Exploring what it means to be a person on the border, Ortiz's volume of poetry uses the 1864 massacre of Cheyenne and Arapaho women and children at Sand Creek by the U.S. Army as the focal point for poems that pay homage to these innocent victims and also explores what it has meant to be on the margins. Ortiz writes that "I've been a writer and poet for over thirty-five years. One of the major voices in Indigenous American literature, I was among the first to be published as a contemporary Indigenous American writer of poetry and fiction beginning in the 1960s. My writing continues to address topics and issues of major concern regarding Indigenous American lands, communities, and cultures, including Indigenous decolonization and liberation. I've been involved with Indigenous educational endeavors . . . and in urban Indigenous communities. Along with my profession and career as a writer, poet, and storyteller, I've worked as a teacher and community-cultural worker, and I've been a tribal leader on two occasions as an Interpreter-Translator (1987-88) and First Lieutenant Governor (1988-89) [and] Presently, I am the incoming Managing Editor of RED INK: International Journal of Indigenous Literature, Art, and Humanities."

A Reader's Take on From Sand Creek

by Robert Durborow
Student Advisor, 2014-2016
Pi Omega Chapter
Northern Kentucky University

Our 2015 Common Reader is by award-winning Native American poet and writer, Simon J. Ortiz, a native of Deetseyaamah, Acoma Pueblo, New Mexico.
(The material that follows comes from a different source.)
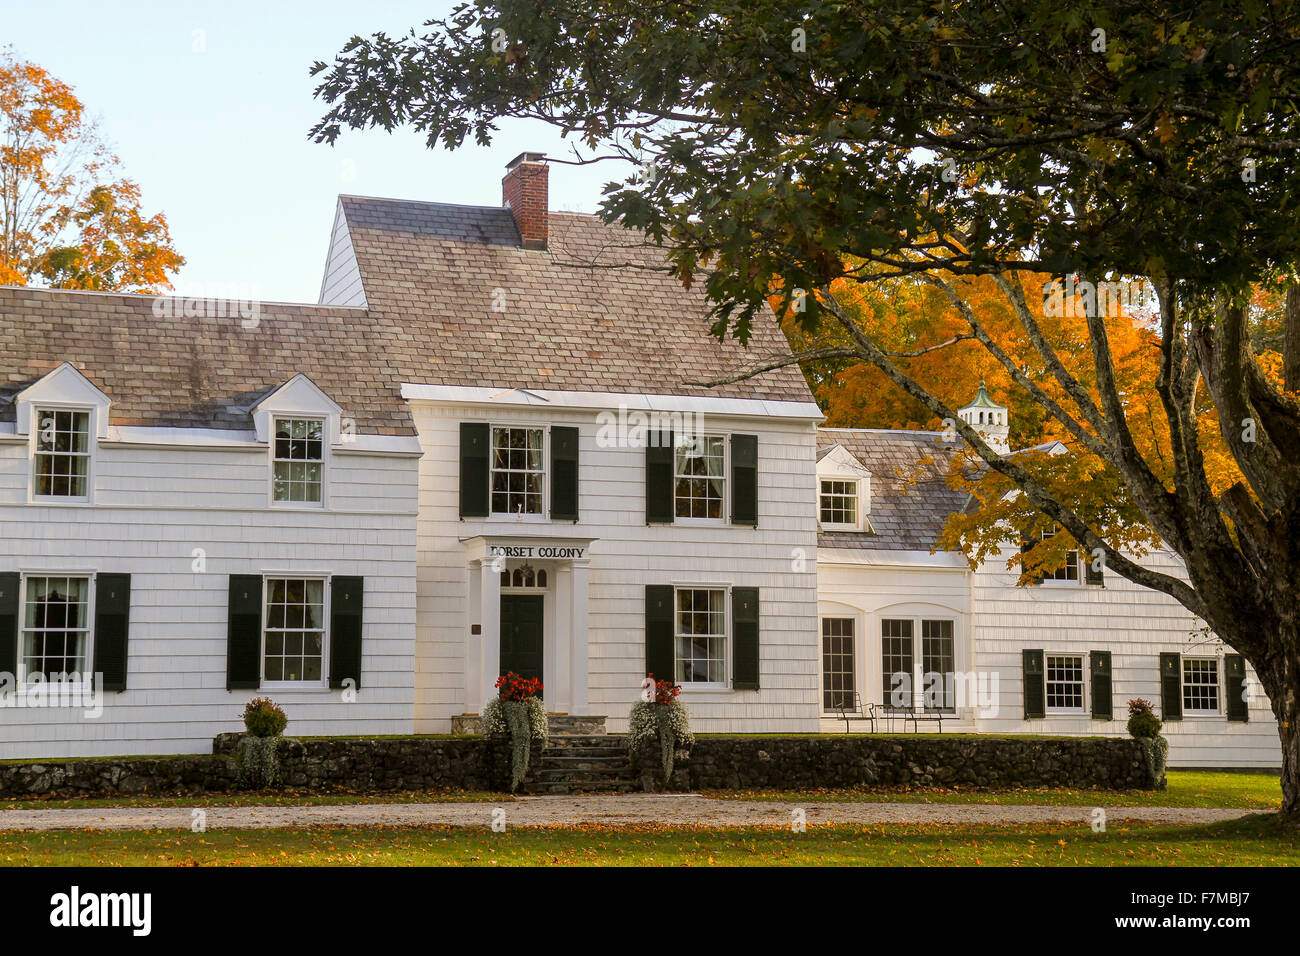 Casa de colonias de Dorset, Dorset, Vermont Foto de stock

I can think of no more fitting work for our theme, "Borderlands and Enchantments."

From Sand Creek is a riveting collection of poems in which Ortiz, a featured speaker at the 2015 Convention, examines one of the most infamous episodes in American and Native American history—the 1864 massacre of 600 Cheyenne and Arapaho people at Sand Creek, Colorado. Far from an angry rant or accusatory work, From Sand Creek offers a realistic view of the past and a hopeful, unified view for the future of all Americans, native or otherwise. Thomas McGrath (Letter to an Imaginary Friend) states, "In this work by Simon Ortiz, Sand Creek shines like a dark star over a continent of pain. . ." I can't say it any better.
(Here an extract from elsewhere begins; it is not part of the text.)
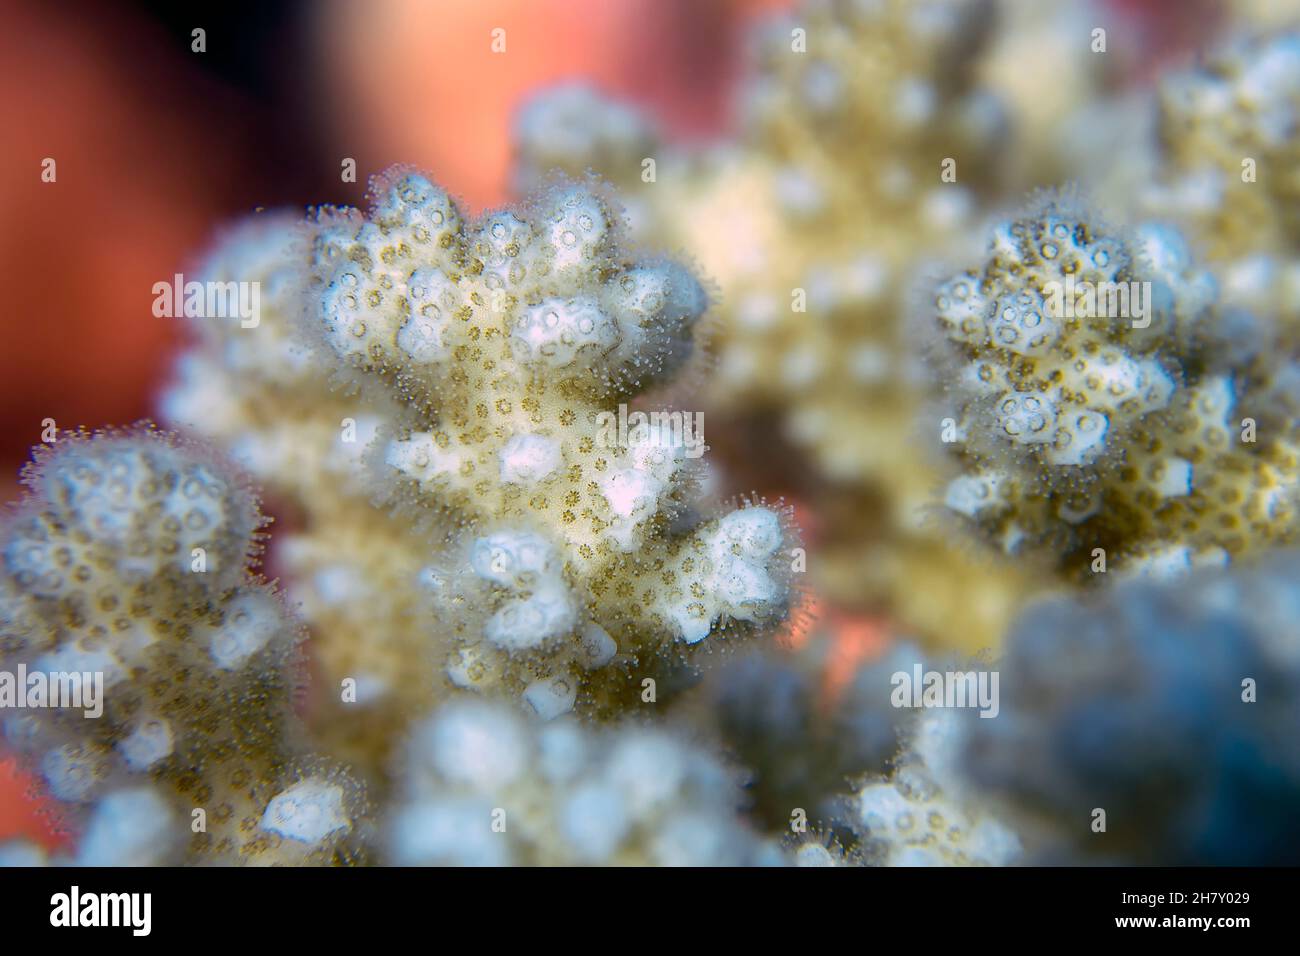 Echinopora irregularis hard coral in the Red Sea, Egypt Stock Photo

As a poet and former soldier in the American armed forces, I found the collection particularly significant and poignant. Ortiz paints vivid pictures in the mind of the reader, in hues of crimson and hope. I literally could not put the book down, compelled to finish the journey started at the front cover. I have never read more thoughtfully composed, moving work. A single stanza typifies the power of the poet: "Memory/is stone, very quiet/like this,/a moment clenched/as knuckles/around gunstock/around steering wheel" (23). Ortiz writes iron. To say more would be to ruin the reader’s experience. Get the book (you'll thank me).

As we all begin preparations for the next academic year and the Sigma Tau Delta 2015 Convention in Albuquerque, New Mexico, why not start with a good, insightful, thought provoking read? From Sand Creek may be purchased from Better World Books for the small sum of $7.48.